## Task directions
When the line with "FujiFilm Zoom Date" turns up below, begin repeating exactly, and carry on through the line with "Cover Image for"; no pictures go into the copy.

## Source records
- - -
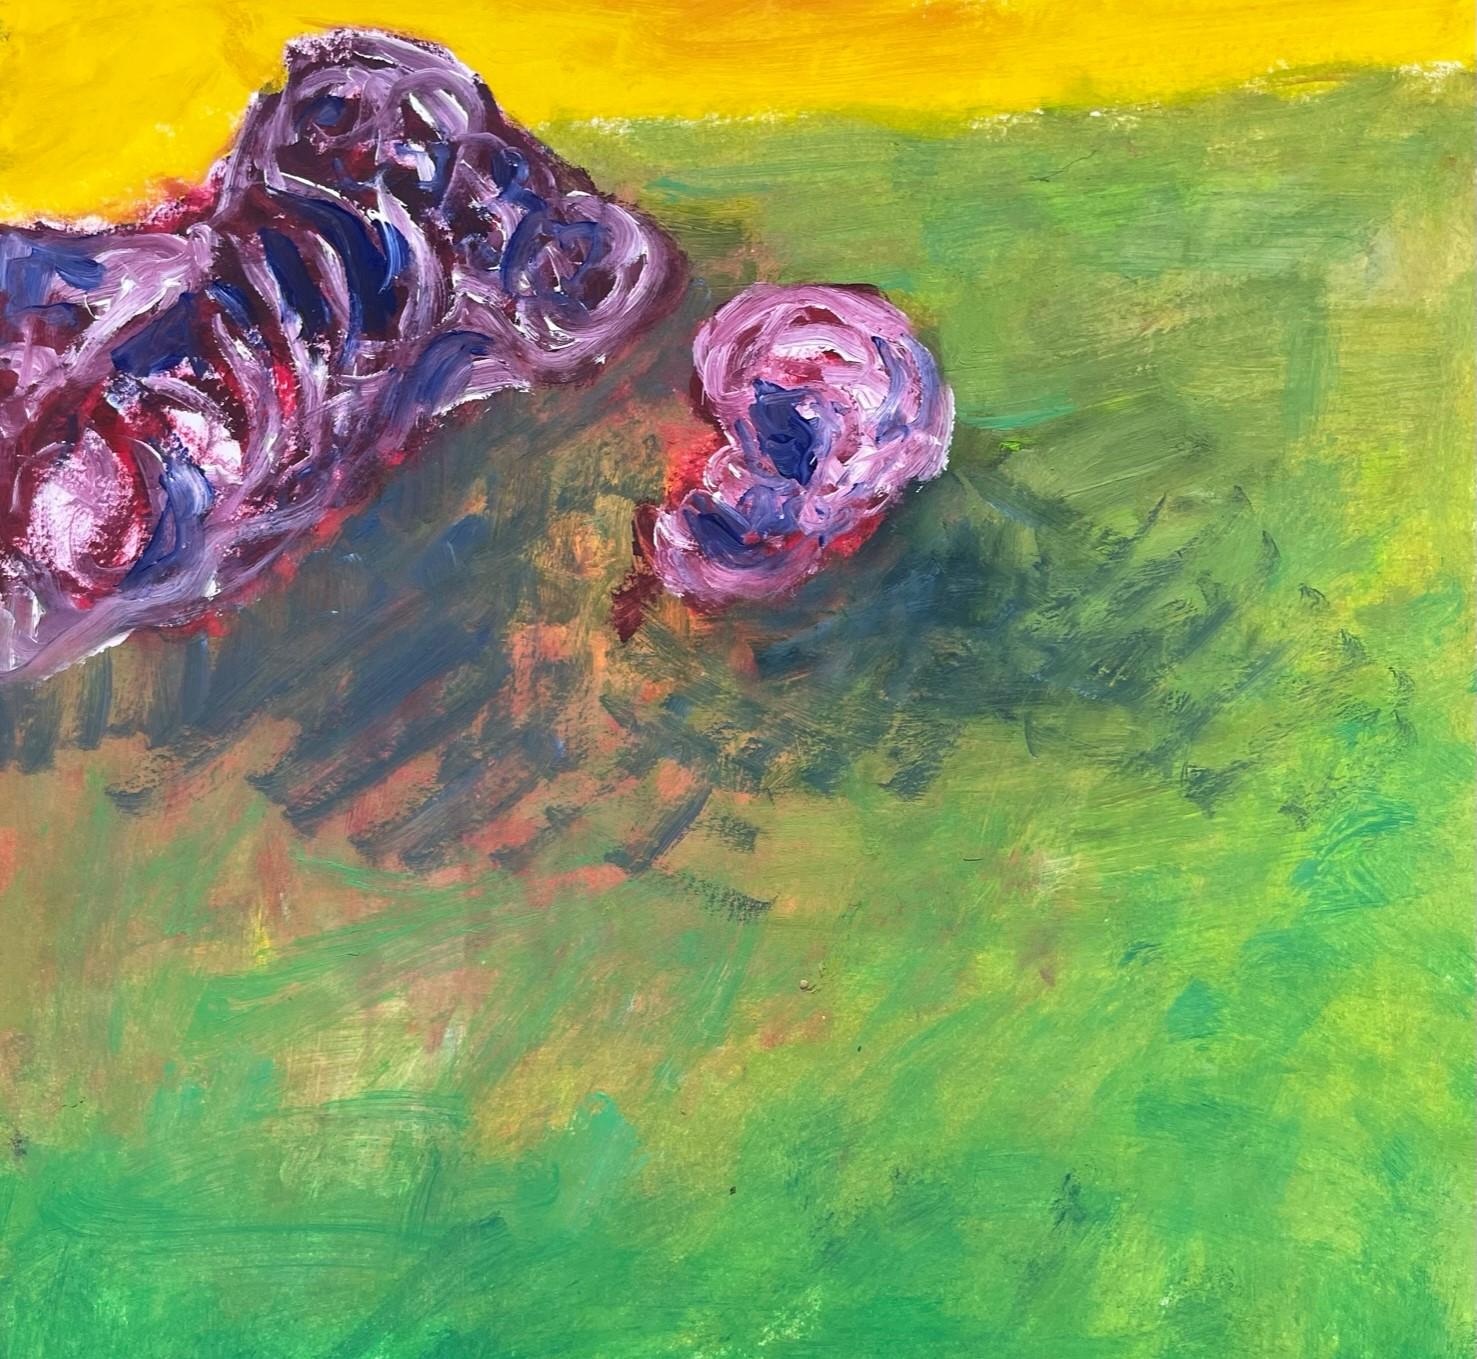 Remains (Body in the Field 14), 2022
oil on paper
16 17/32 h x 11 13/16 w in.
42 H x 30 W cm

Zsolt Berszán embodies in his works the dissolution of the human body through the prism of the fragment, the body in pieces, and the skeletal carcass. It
- - -
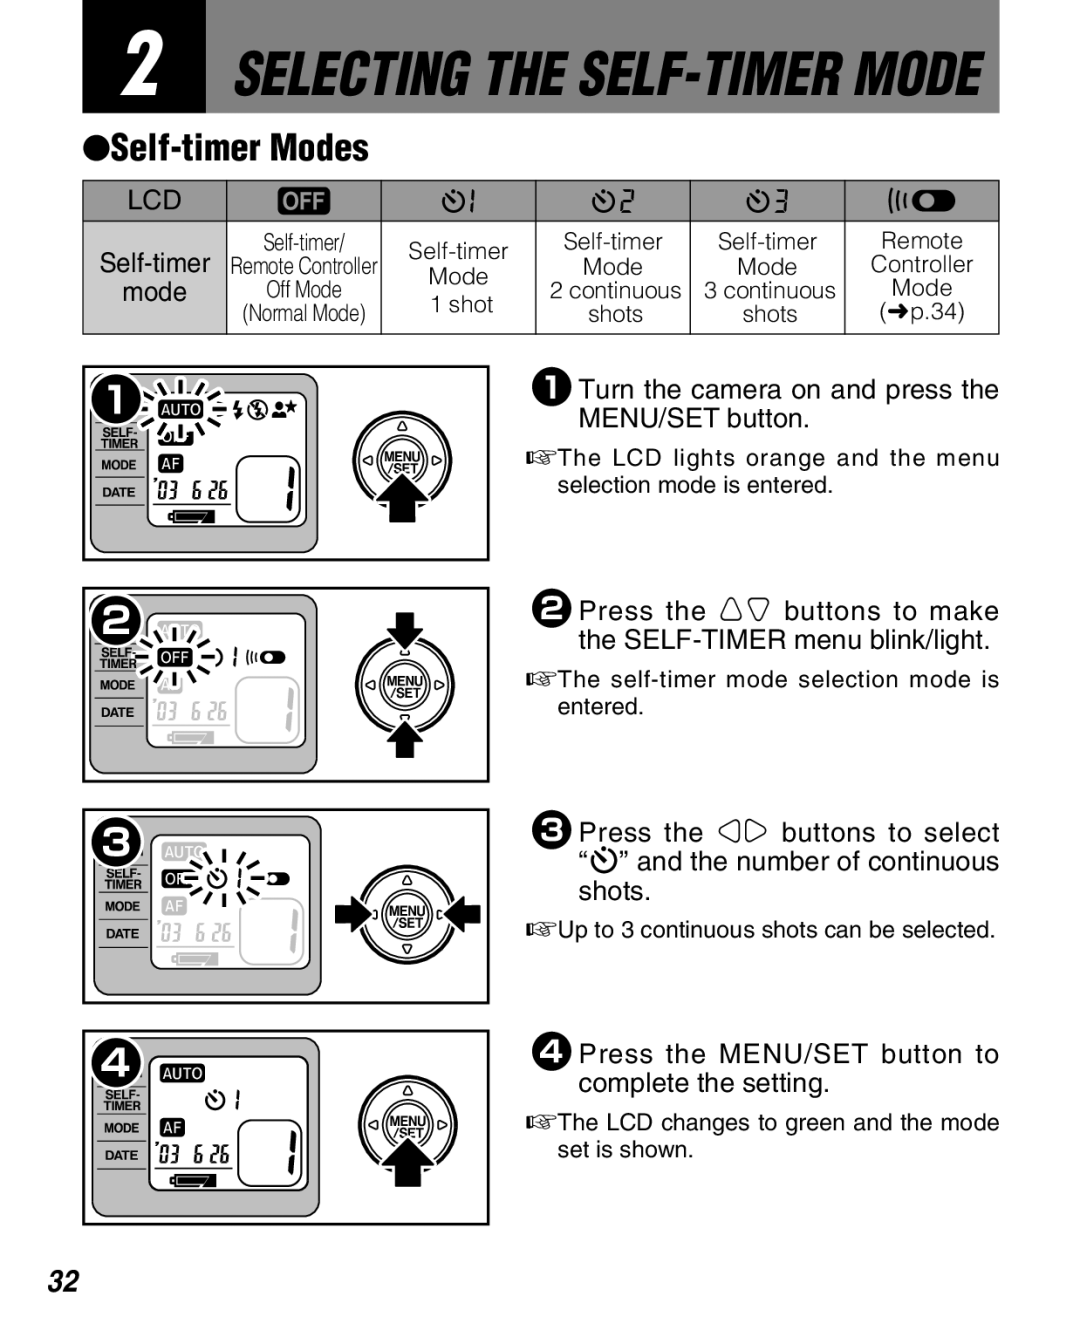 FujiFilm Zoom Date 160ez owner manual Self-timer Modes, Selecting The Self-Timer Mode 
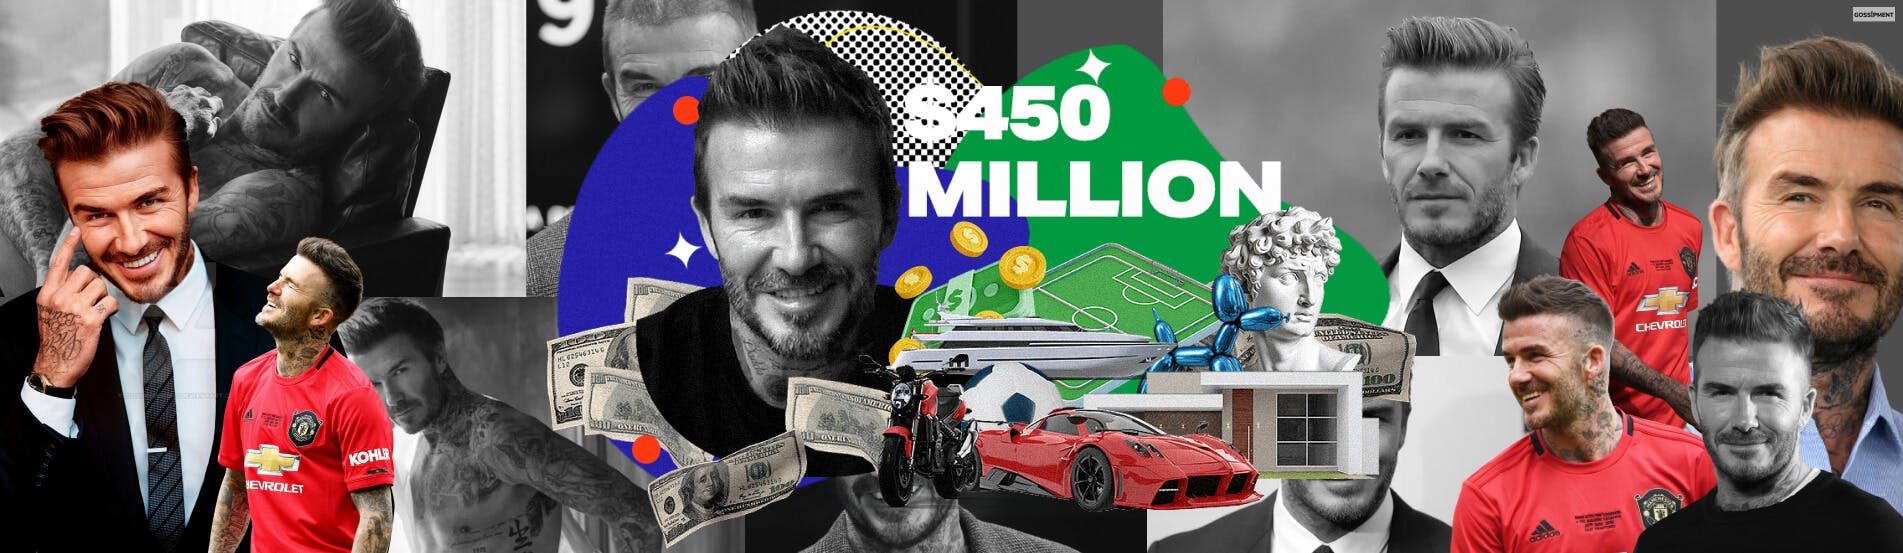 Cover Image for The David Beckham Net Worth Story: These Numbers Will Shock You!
- - -
## Exercise output
 FujiFilm Zoom Date 160ez owner manual Self-timer Modes, Selecting The Self-Timer Mode 
 Cover Image for The David Beckham Net Worth Story: These Numbers Will Shock You!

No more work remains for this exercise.